Building Corp Threat

An IRS proposed regulation holds a nasty surprise for some unions' building corps (and for other taxable subsidiaries of tax-exempt organizations).

Background: Many unions hold title to real property through title-holding corporations. A properly formed title-holding corp can be exempt from taxation under §501(c)(2) of the Internal Revenue Code. Often, however, the incorporation of the building corp included extraneous language that prevented the corp from qualifying under 501(c) (2). Although such corps were then subject to income tax, there was rarely any tax paid, because the union usually paid enough rent to break-even (or paid no rent).

The only problem arises when the union wants to sell the building, because the taxable gain could then be substantial. The solution was to amend the title holding corp to include the correct language, and re-file for exemption under 501(c)(2).

In January, however, the IRS published proposed regulations that would treat a conversion to tax-exempt status as a taxable liquidation of the predecessor corp. This means that even if your union does not actually sell it's building, if you convert your building corp to tax-exempt status, IRS will treat the conversion as if it were a taxable sale!

[In NY, many building corps that qualified under 501( c)(2) for federal purposes, were formed under provisions that made them taxable entities for state tax purposes. These entities should consider correcting their status under state law ASAP, before the state tries to use the proposed regs against them.]

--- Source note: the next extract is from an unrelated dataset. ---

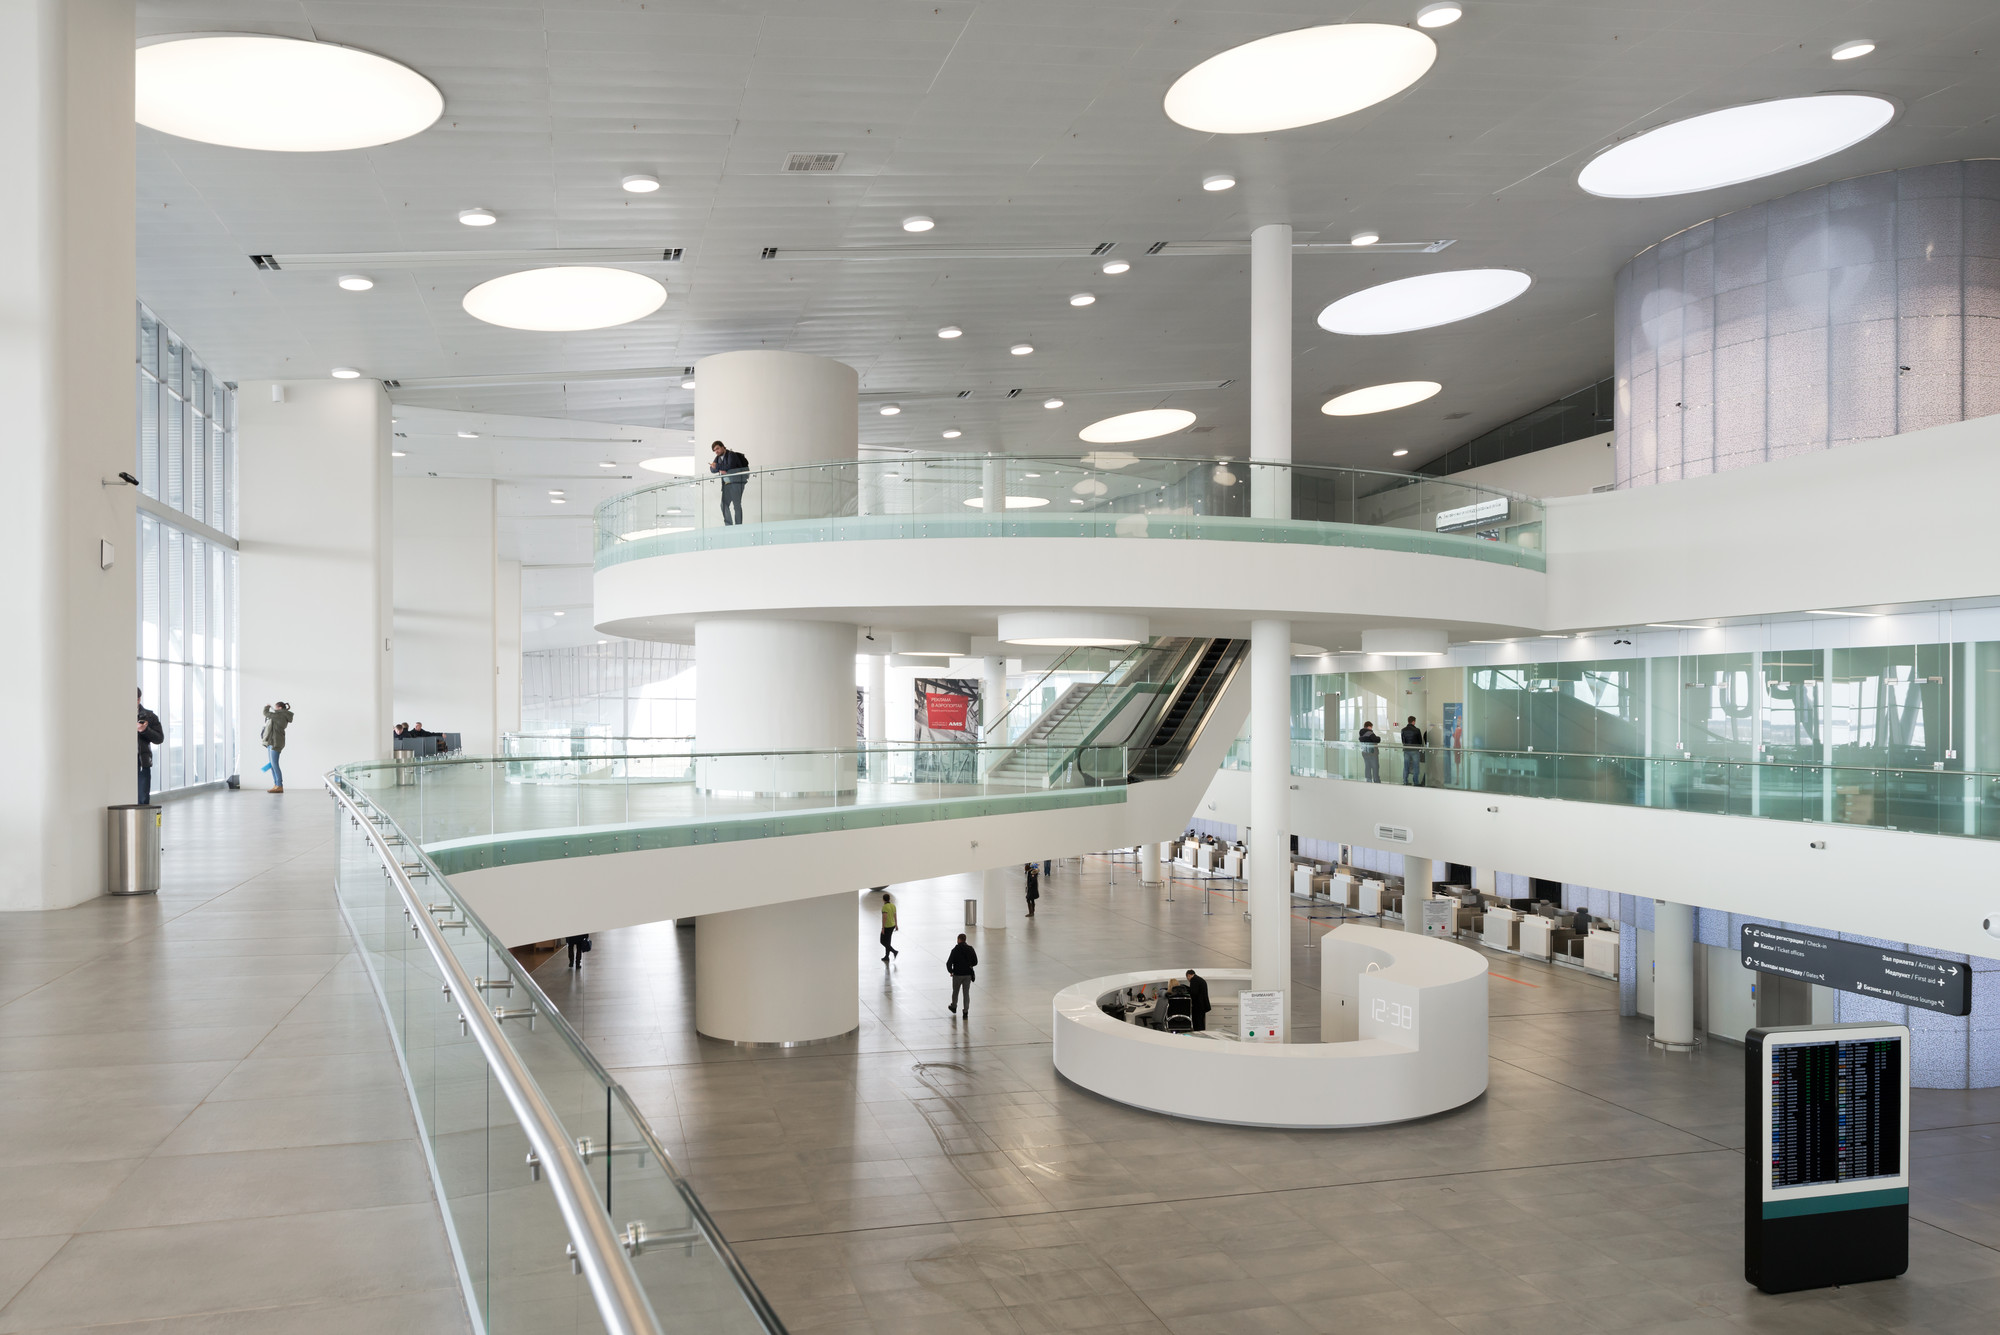 Kurumoch International Airport and VIP-Lounges / Nefa Architects, © Ilya Ivanov

It appears that a corp could avoid that result if it could successfully convert to tax-exempt status before the IRS issues final regulations on this, but: 1) we don't know how soon that might be, and 2) the stakes are high enough that your should review this carefully with your lawyers before you do anything. January 1999: final regs are out, don't change anything without carefully reviewing this with your attorney. (I tried to warn you!)